Oddio, mi sento una specie di veggente.
«Perché penso di conoscerla» abbozzo, sorridendo tra me e me.
Stai a vedere che adesso indovino pure il nome.
Nella mia mente me la immagino un'altra volta, adesso però cerco di vederla più chiaramente e nei dettagli. Sta indossando una maglietta a mezze maniche rosa e dei pantaloni neri. E' seduta al centro di un parco pieno di fiori e sta leggendo. La sua faccia mi ricorda una Serena... no, assomiglia di più a una Clara. Sì, si chiama decisamente Clara.
«Madelyn?»
Apro gli occhi di scatto e trasalisco un poco: Gianluca mi sta fissando con disorientamento. «E tu come faresti a conoscerla?»

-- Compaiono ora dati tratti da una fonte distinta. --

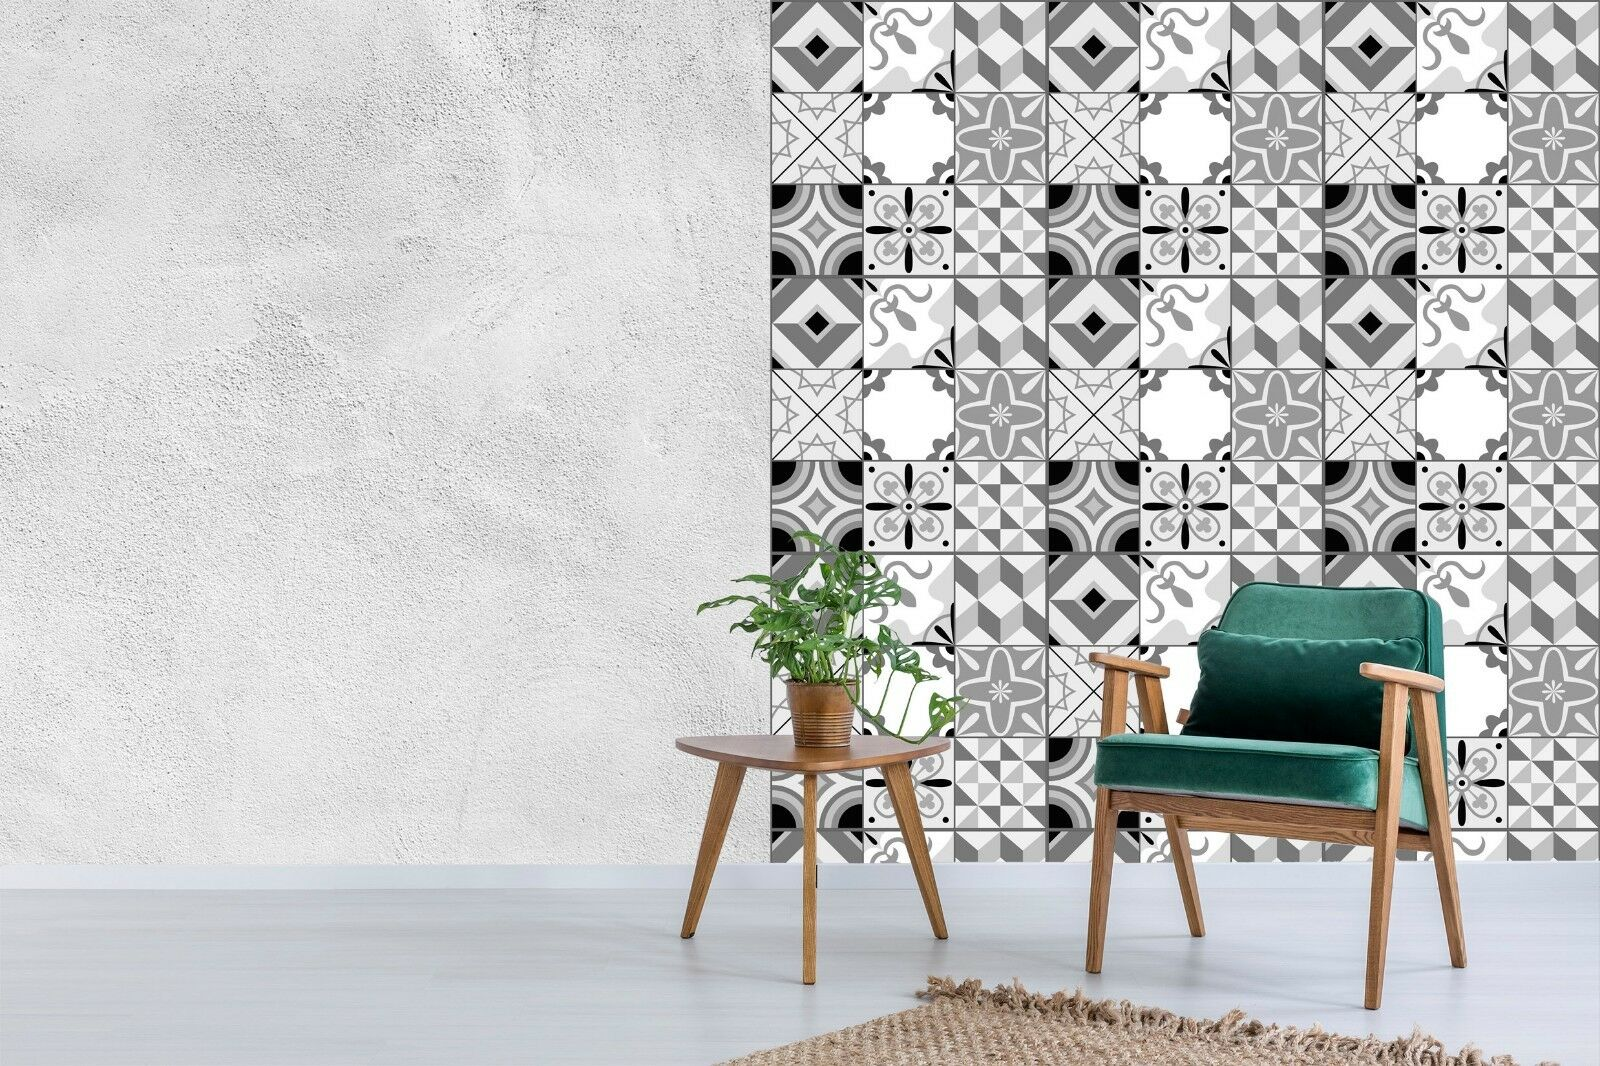 3D grau Pattern 704 Wall Paper Print Wall Decal Deco Indoor Wall Murals US
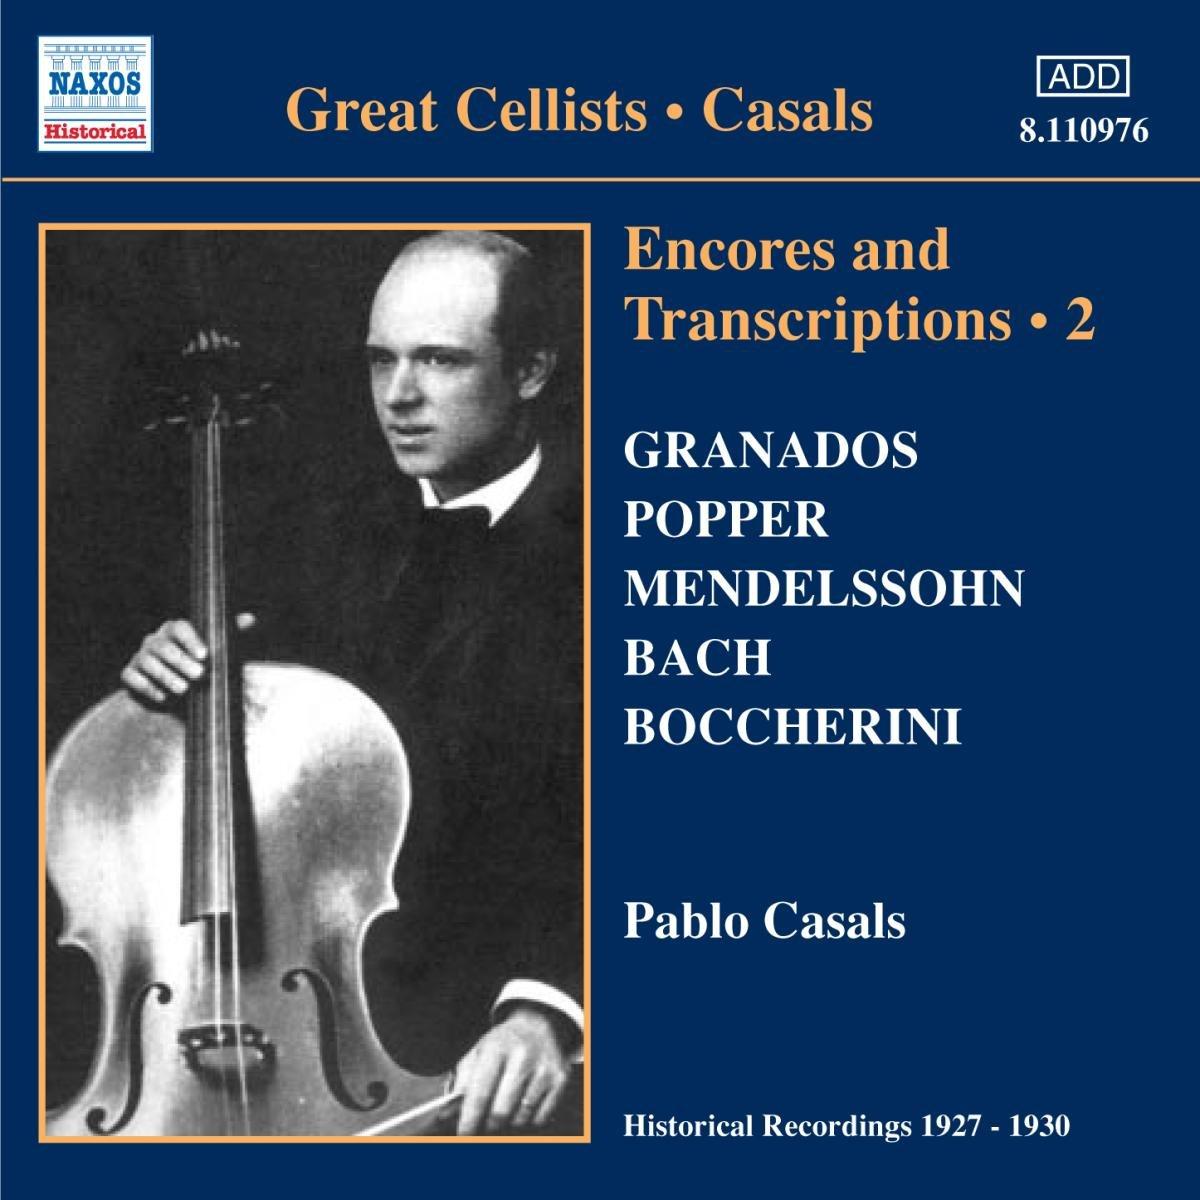 Casals, Pablo Encores and Transcriptions 2 Vinyl

«Non lo so, potrebbe essere un'amica di una mia amica, o di mia madre, o di qualcun altro» rispondo, gesticolando freneticamente. «Si chiama Clara, vero?»
«No, Simona.»
Beh, ha la stessa iniziale di Serena, che è stato il primo nome che mi è venuto in mente. Sono convinta che, dopo aver fatto un po' di esercizio, riuscirò a prevedere il futuro, a leggere nel pensiero e a conoscere il passato delle persone che mi guarderanno per almeno cinque secondi dritto negli occhi.
«Madelyn?»
«Sì?» faccio, facendogli un sorriso angelico.
«Stai continuando a isolarti, non mi ascolti nemmeno.»
«Scusa, stavo pensando...»
«Comunque siamo quasi arrivati.»
«Oh, bene» esclamo, guardando fuori dal finestrino. Effettivamente manca solo una via.
«Cos'hai deciso di fare alla fine?» domanda Gianluca dopo alcuni secondi, facendosi serio.
«Beh, ci vado lo stesso» rispondo io.
«Sei completamente impazzita, lo sai?»
«Ma dai, non è poi così grave secondo me.»
«Stai scherzando? Fai fatica a camminare, come diavolo pensi di riuscire a saltare?!»
Faccio spalline. «Mi passerà, dopo.»
«No, non ti passerà» insiste lui, con determinazione.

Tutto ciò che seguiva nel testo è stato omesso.